Bad Poetry and Bad Politics

In response to a reporter, acting chief of citizenship and immigration Ken Cuccinelli revised the Emma Lazarus poem carved on the pedestal of the Statue of Liberty. As a refresher, here’s the pertinent section from the original text:

“Give me your tired, your poor,
Your huddled masses yearning to breathe free,
The wretched refuse of your teeming shore.
Send these, the homeless, tempest-tost to me,
I lift my lamp beside the golden door
.”

from The New Colossus by Emma Lazarus

And here is the updated Cuccinelli version:

Give me your tired, your poor
Who can stand on their own two feet
And who will not become a public charge.

Ken Cuccinelli, acting chief of citizenship and immigration

It doesn’t exactly trip off the tongue, does it?

Cuccinelli is rewriting poetry in an effort to justify the latest immigration policy from the Trump administration. In a nutshell, it boils down to this: if you aren’t one hundred percent self-sufficient and independent, go away.

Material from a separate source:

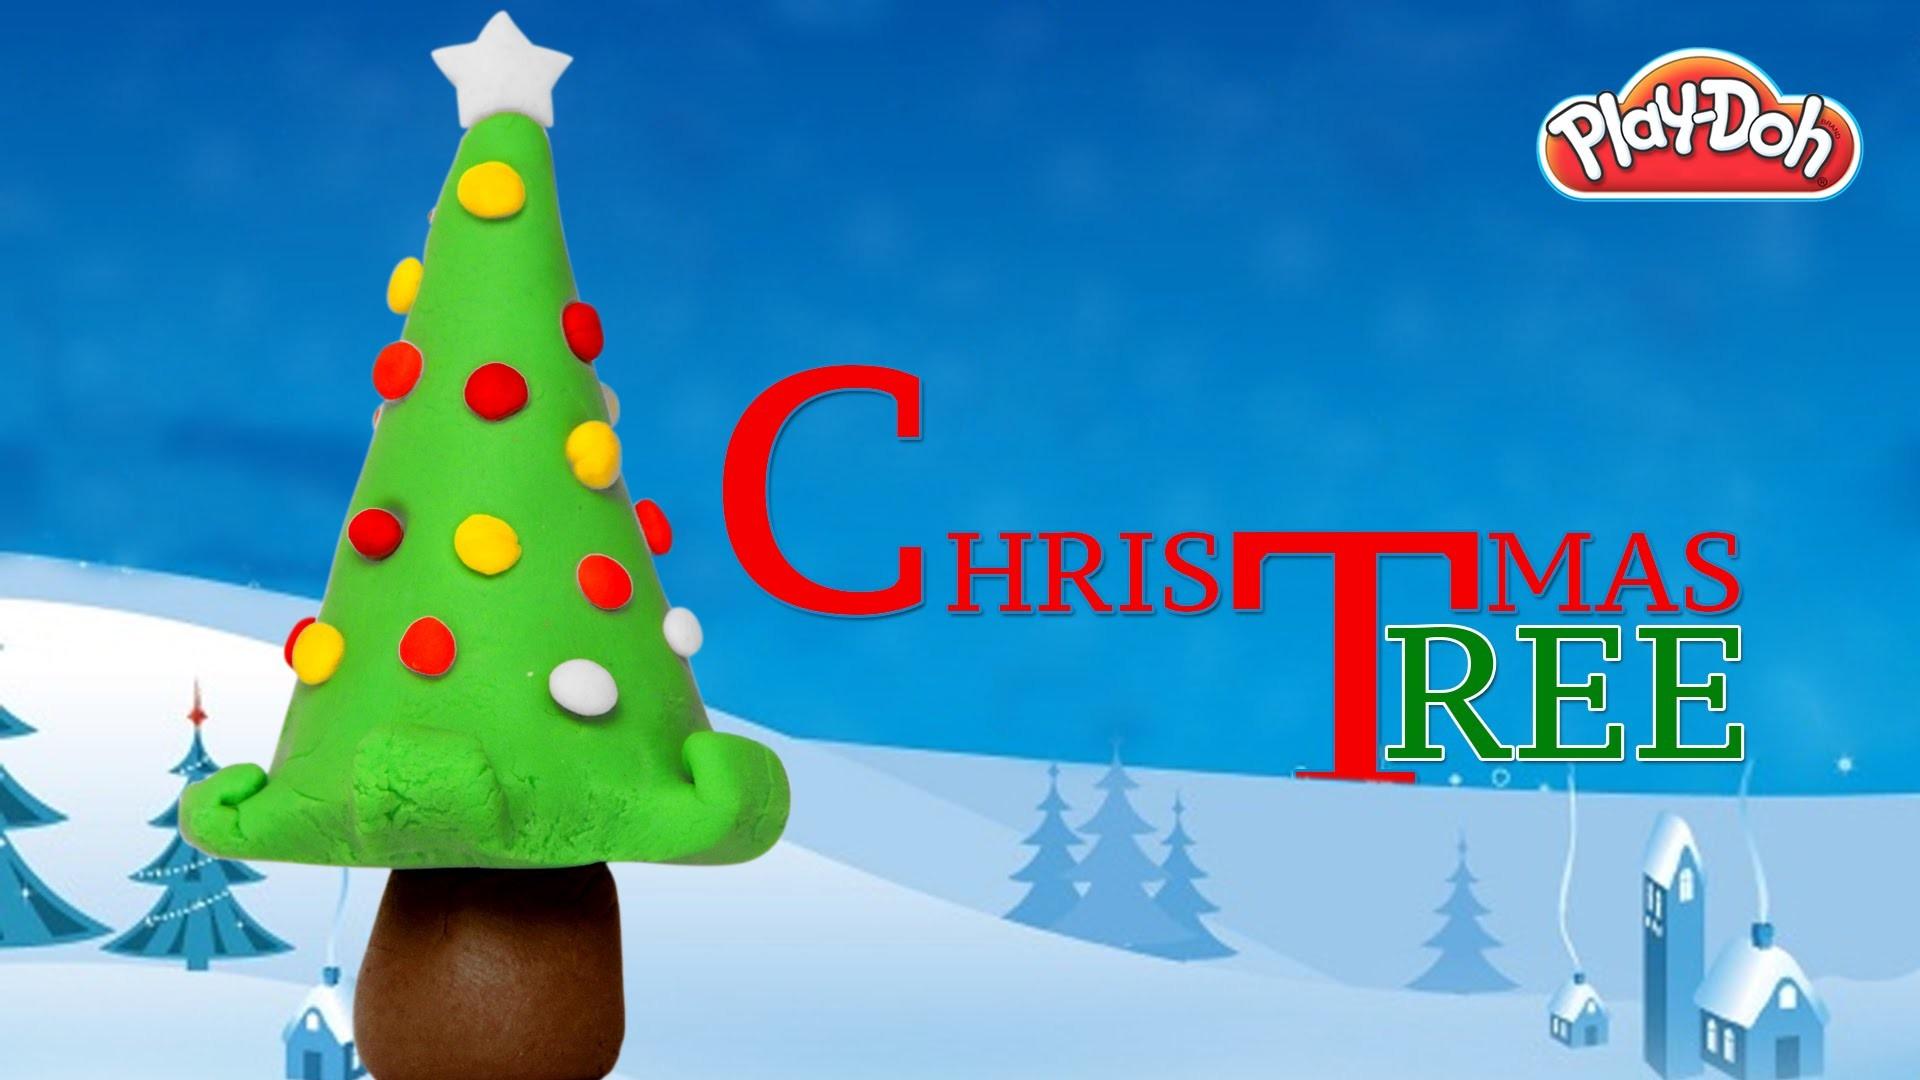 Play Doh Christmas Tree | Christmas Tree | How To Make Play Doh Christmas Tree
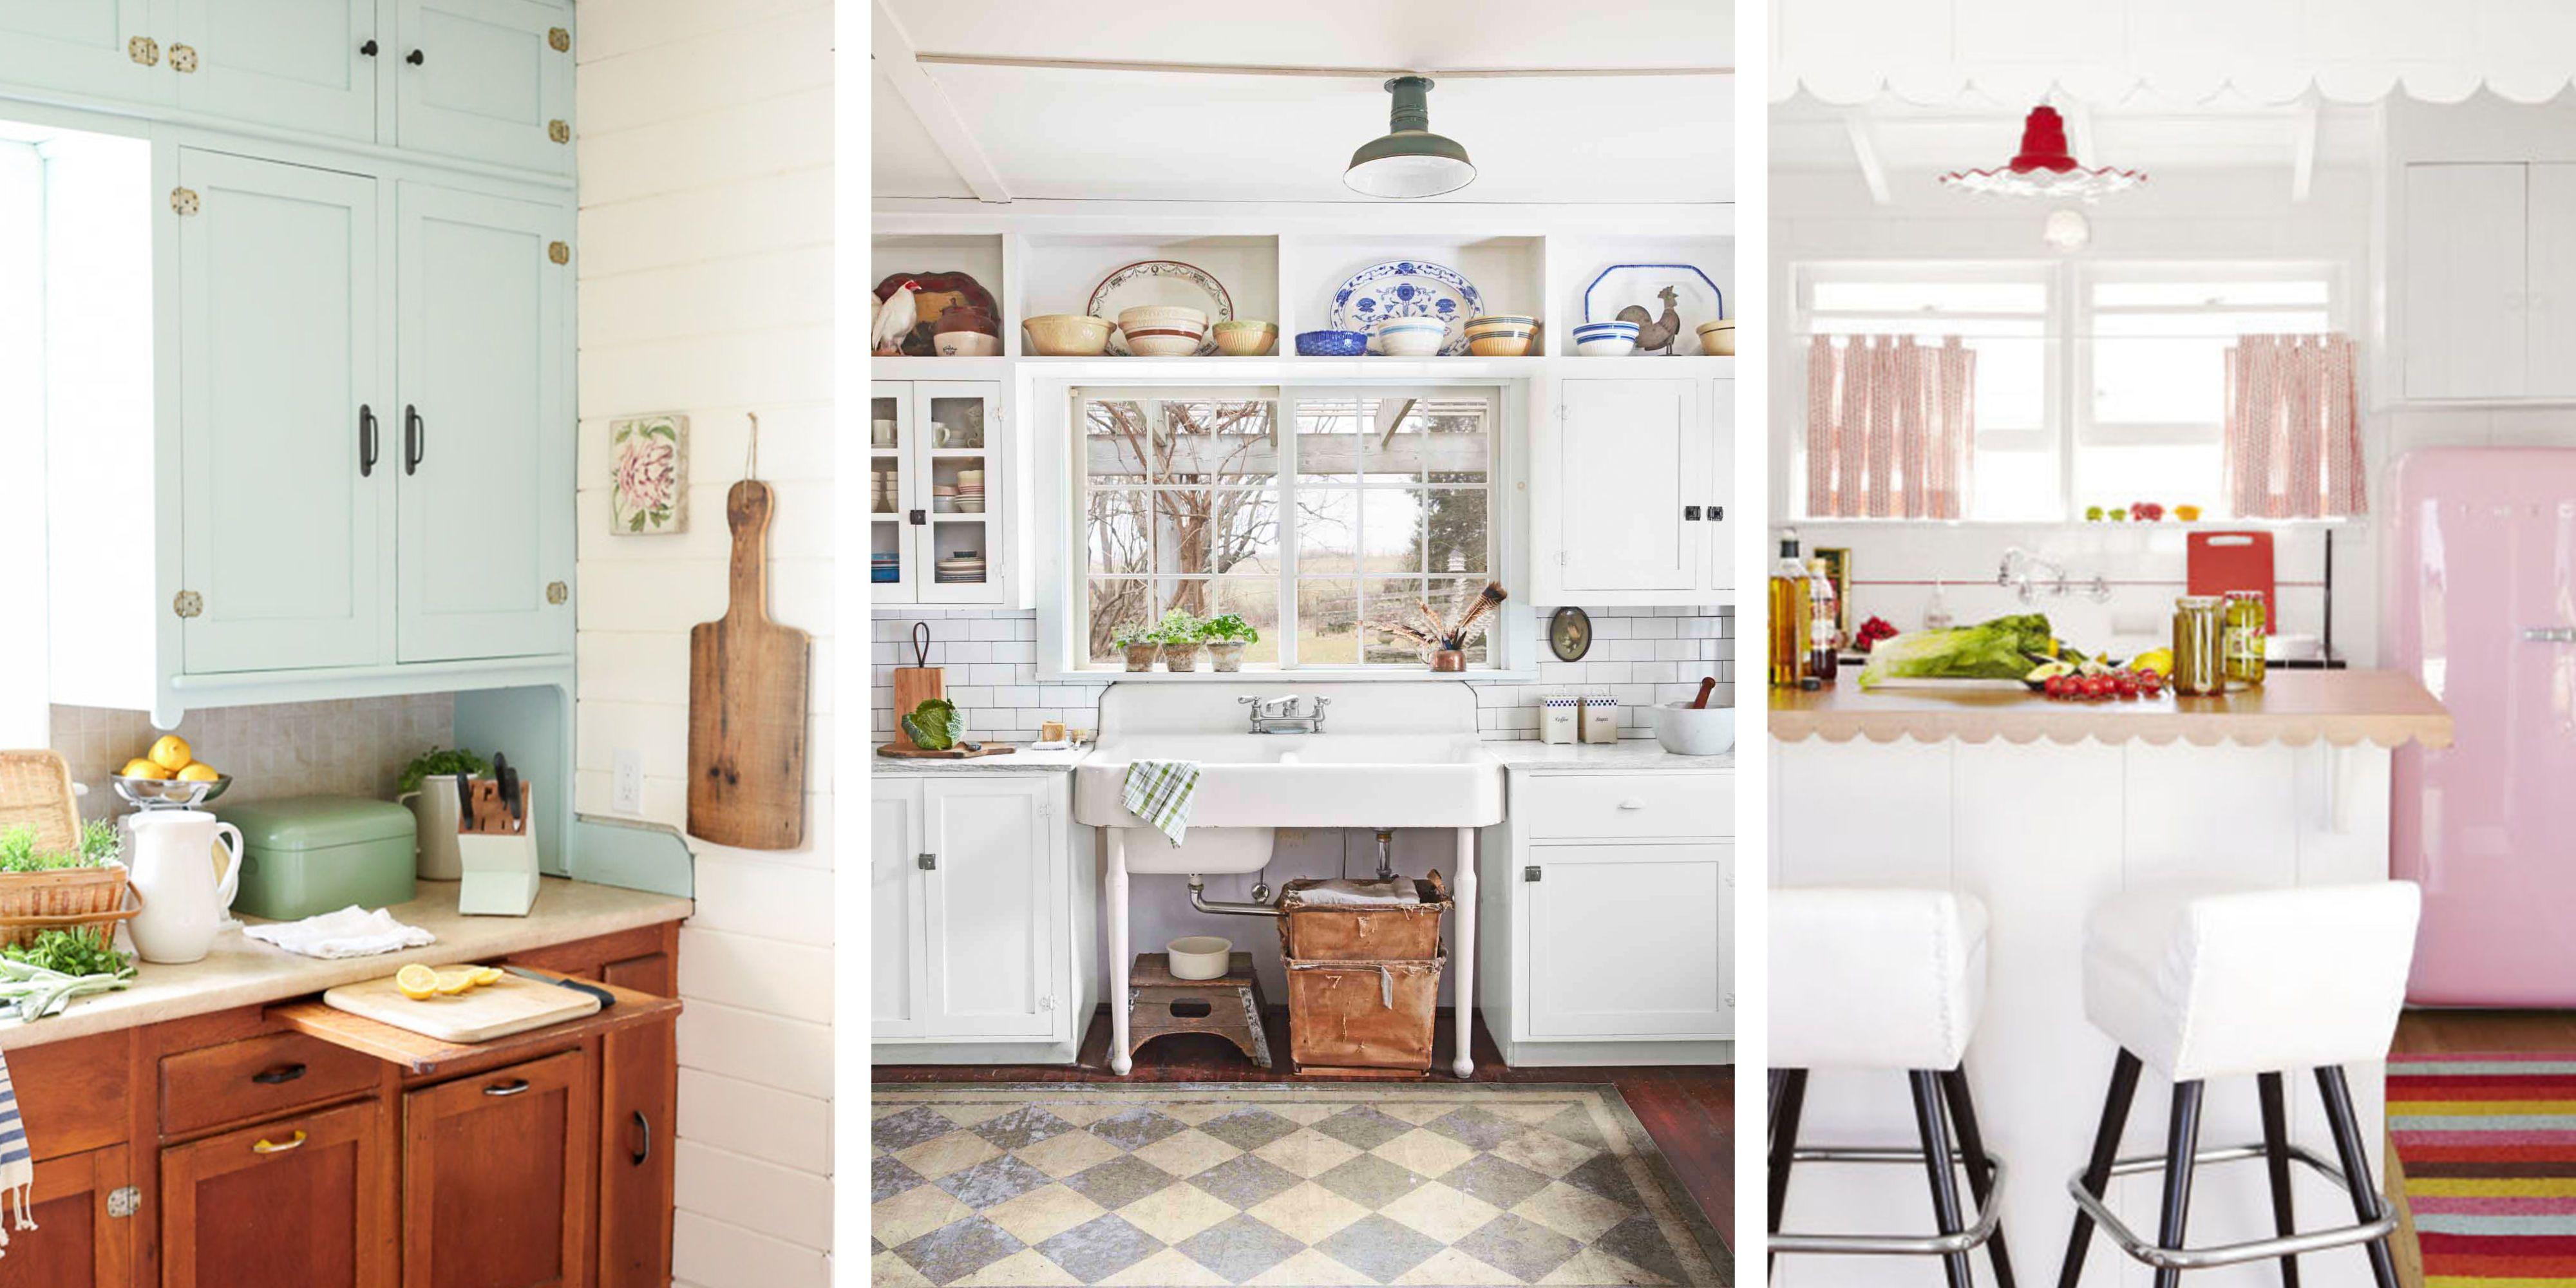 20 Vintage Kitchen Decorating Ideas Design Inspiration For Retro Rh Countryliving Com

It’s bad policy and bad poetry.

Ken Cuccinelli, not a poet.

What’s next for Cuccinelli, I wonder? He could revise Langston Hughes’s iconic poem “Let America Be America Again.” All he has to do is edit out a few inconvenient stanzas to make the poem read as a rallying cry for the MAGA crowd.

Perhaps he’ll rewrite Allen Ginsberg’s “Howl” with scenes of stock market tycoons and Big Pharma opioid pushers contemplating Top 40 pop tunes. He could swap out Walt Whitman’s “barbaric yawp” with Tucker Carlson’s incessant squawk and reinterpret Maya Angelou’s “Caged Bird” as an aspirational poem for refugee children being held in squalid conditions at the southern border. Sing, children, sing!

Really, the possibilities are staggering.

Poetry reveals truth with powerful imagery and beautiful language. We should be listening to poets and reading poetry. It will make us better—more empathetic, more aware, more compassionate. And there are plenty of contemporary poets penning stanzas of truth. Read them. Buy their collections. Share their words. Try Rebecca Morgan Frank’s stunning and distinctly American collection Sometimes We Are All Living in a Foreign Country. Or, pick up Aimee Nezhukumatathil’s Oceanic for a wide and wonderful view of the natural world. Or head over to YouTube and watch Crystal Valentine perform “I Am Black Before Woman in February.”

We need more poetry and we need more poets, but we don’t need men like Ken Cuccinelli delivering bad policy and bad poetry to our nation. The words Cuccinelli delivers are unpoetic and un-American. We can and should drown him out with a better message.